20. Create a seaborn boxplot showing GDP per capita in 2021 split out by continent. What do you notice?

In [None]:
plt.bar(countries_per_continent.Continent,
        countries_per_continent.Country_Count)
plt.ylabel('Count')
plt.xlabel('Continent')
plt.title('Countries by Continent')
plt.xticks(rotation = 90)
plt.show()

21. Download the full csv containing Life expectancy at birth, total (years) from [https://data.worldbank.org/indicator/SP.DYN.LE00.IN?name_desc=false](https://data.worldbank.org/indicator/SP.DYN.LE00.IN?name_desc=false). Read this data into a DataFrame named `life_expectancy`. Note: When reading this dataset it, you may encounter an error. Modify your `read_csv` call to correct this **without modifying the original csv file**.

In [None]:
le = pd.read_csv('../data/life_exp.csv')
le.head()

22. Drop the Country Code, Indicator Name, and Indicator Code columns. Then use [`.melt()`](https://pandas.pydata.org/docs/reference/api/pandas.melt.html) to convert your data from wide to long. That is, instead of having one row per country and multiple colums per year, we want to have multiple rows per country and a single column for year. After melting, rename the columns to `Country`, `Year`, and `Life_Expectancy`.

In [None]:
le = le.drop(columns=['Country Code', 'Indicator Name', 'Indicator Code'])

In [None]:
le.head()

In [None]:
le_melt = pd.melt(le, id_vars = 'Country Name', var_name = 'Year', value_name = 'Life_exp')
le_melt = le_melt.rename(columns = {'Country Name' : 'Country'})
le_melt.head()

In [None]:
le_melt.dtypes

In [None]:
gdp['Year'] = gdp['Year'].astype(str)

23. What was the first country with a life expectancy to exceed 80?

In [None]:
first_to_eighty = le_melt[le_melt['Life_exp'] >= 80]
first_to_eighty_filtered = first_to_eighty[first_to_eighty['Year'] == first_to_eighty['Year'].min()]
first_to_eighty_filtered.head()

24. Merge `gdp_df` and `life_expectancy`, keeping all countries and years that appear in both DataFrames. Save the result to a new DataFrame named `gdp_le`. If you get any errors in doing this, read them carefully and correct them. Look at the first five rows of your new data frame to confirm it merged correctly. Also, check the last five rows to make sure the data is clean and as expected.

In [None]:
gdp_le = pd.merge(gdp, le_melt, on = ['Country','Year'], how = 'inner')
gdp_le.head()

In [None]:
from openpyxl import load_workbook
from openpyxl.styles import NamedStyle

In [None]:
gdp_le.to_excel('gdp_le.xlsx', index=False, engine='openpyxl')

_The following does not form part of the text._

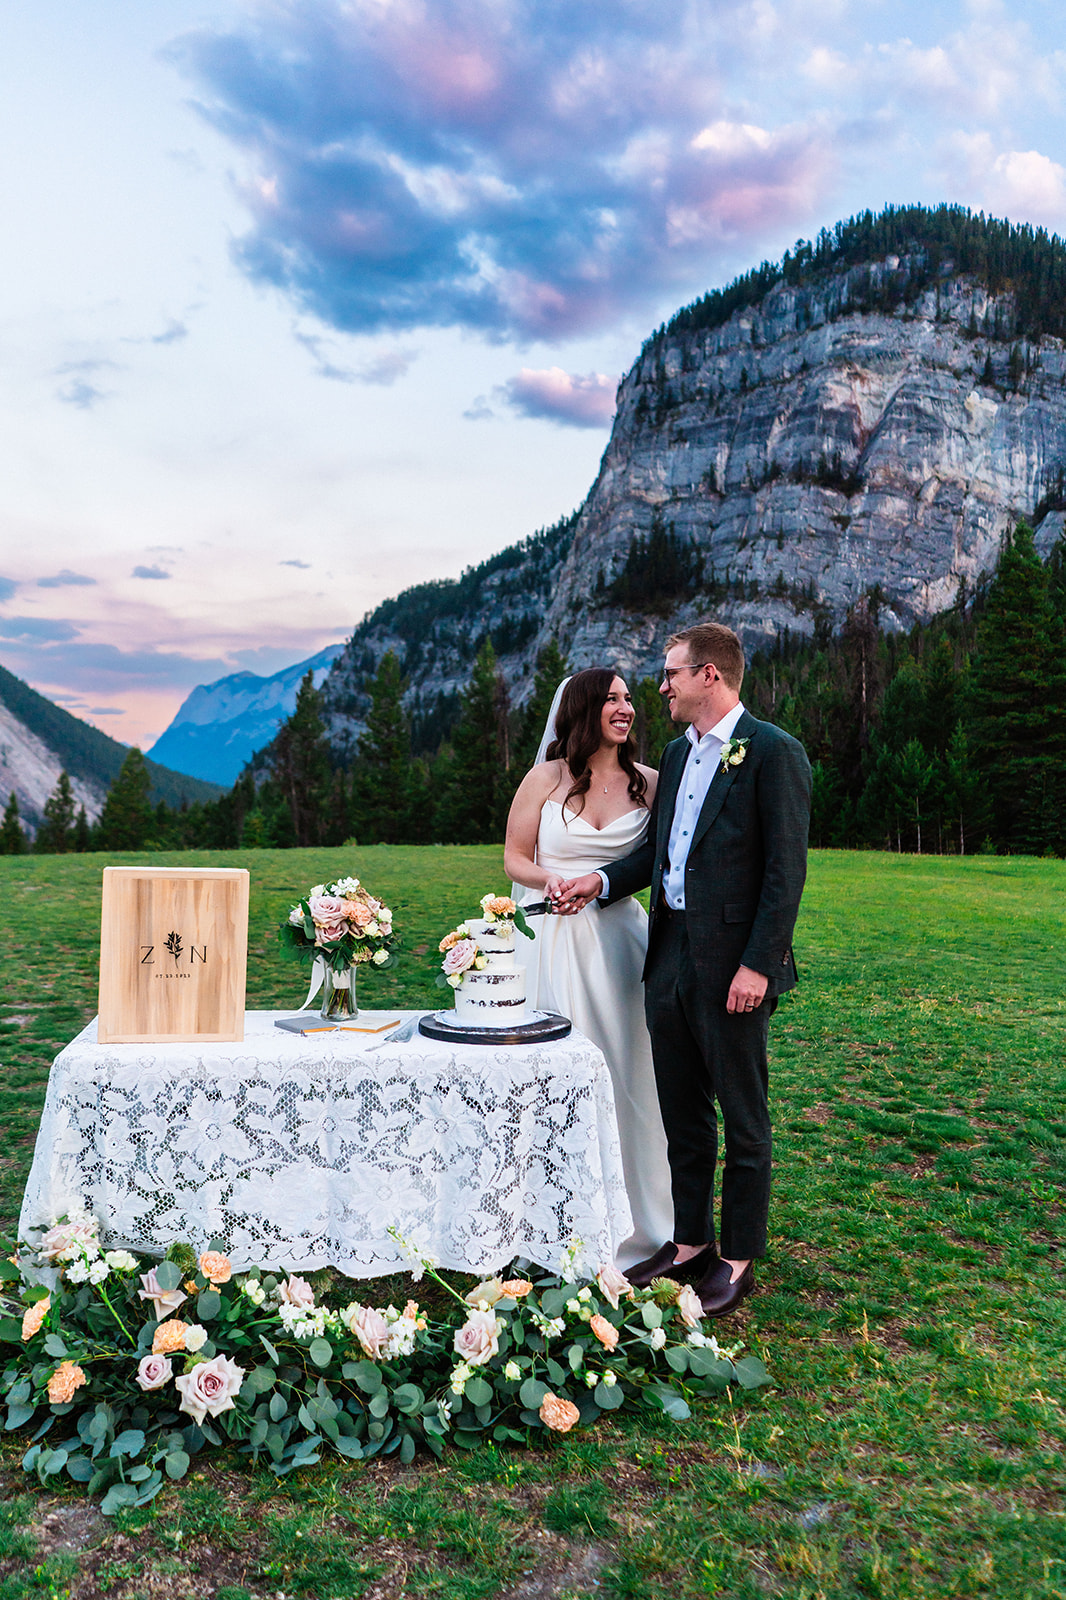 Bride and groom cutting cake for their Banff Wedding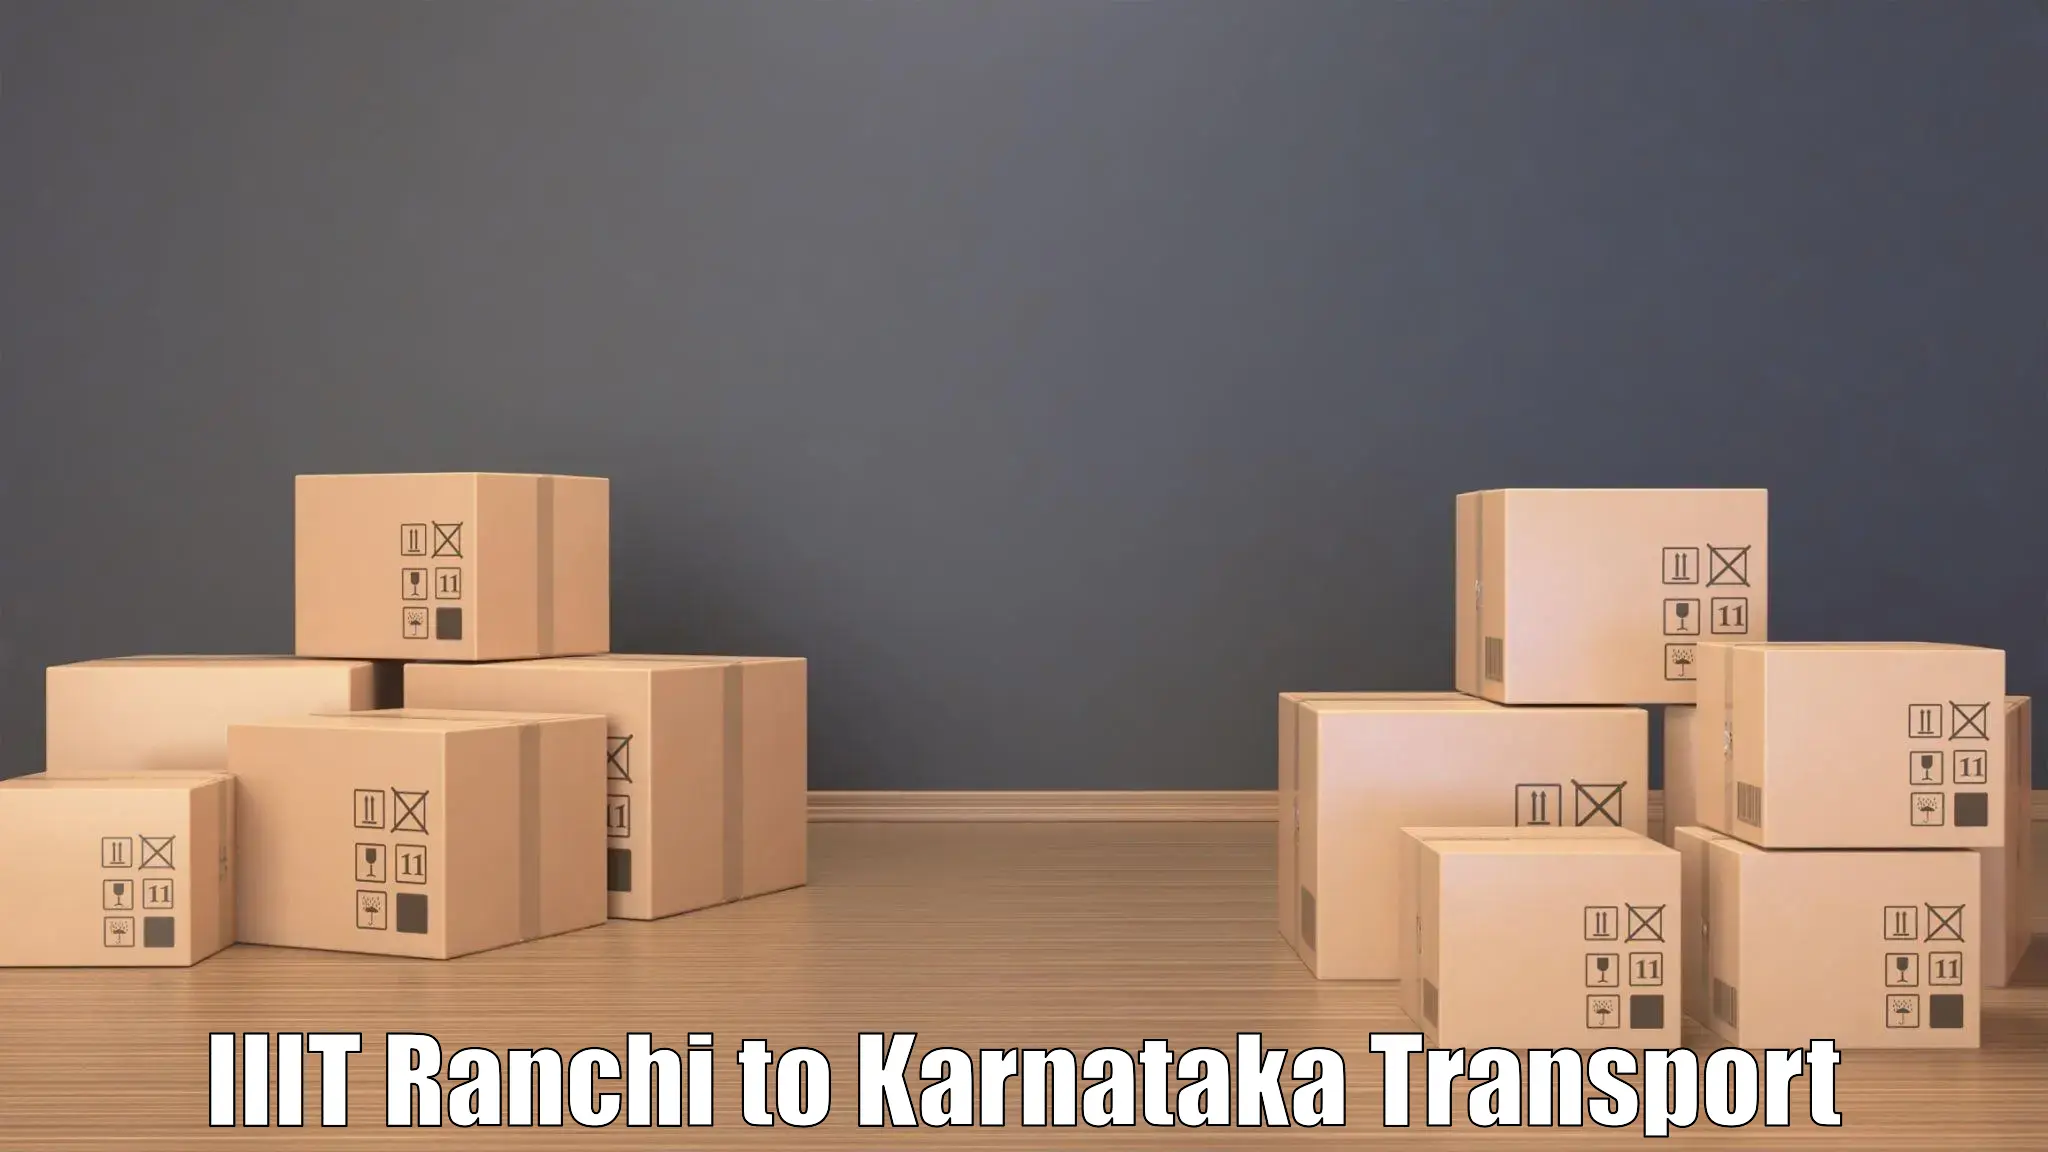 Interstate goods transport IIIT Ranchi to Kollegal

25. Create a new DataFrame, named `gdp_le_2021` by extracting data for the year 2021 from `gdp_le`. How many countries have a life expectancy of at least 80 in 2021?

In [None]:
gdp_le_2021 = gdp_le[gdp_le['Year'] == '2021']
gdp_le_2021.head()

In [None]:
count_of_eighty = gdp_le_2021[gdp_le_2021['Life_exp']>=80]
count_of_eighty.shape

26. Find the countries that had the top 3 largest GDP per capita figures for 2021. Create a [seaborn FacetGrid](https://seaborn.pydata.org/generated/seaborn.FacetGrid.html) showing the change in life expectancy over time for these three countries. Each individual figure in the facet grid will represent a single country.

In [None]:
gdp_le_2021.nlargest(3,'GDP')

In [None]:
top_three = ['Luxembourg','Singapore', 'Ireland']
gdp_top_three = gdp_le[gdp_le['Country'].isin(top_three)]
gdp_top_three.head()

In [None]:
a = sns.FacetGrid(gdp_top_three, col = 'Country')
a.map(sns.scatterplot,'Life_exp','GDP')
a.add_legend();

27. Create a scatter plot of Life Expectancy vs GDP per Capita for the year 2021. What do you notice?

In [None]:
gdp_le_2021.plot(kind = 'scatter', x = 'GDP', y = 'Life_Exp', figsize = (8,6))
plt.title(' GDP v Life Exp');

28. Find the correlation between Life Expectancy and GDP per Capita for the year 2021. What is the meaning of this number?

In [None]:
gdp_le_2021[['Life_exp','GDP']].corr()

29. Add a column to `gdp_le_2021` and calculate the logarithm of GDP per capita. Find the correlation between the log of GDP per capita and life expectancy. How does this compare to the calculation in the previous part? Look at a scatter plot to see if the result of this calculation makes sense.

In [None]:
gdp_le_2021['GDP_log'] = np.log(gdp_le_2021['GDP'])
gdp_le_2021.head()

In [None]:
gdp_le_2021[['Life_exp','GDP_log']].corr()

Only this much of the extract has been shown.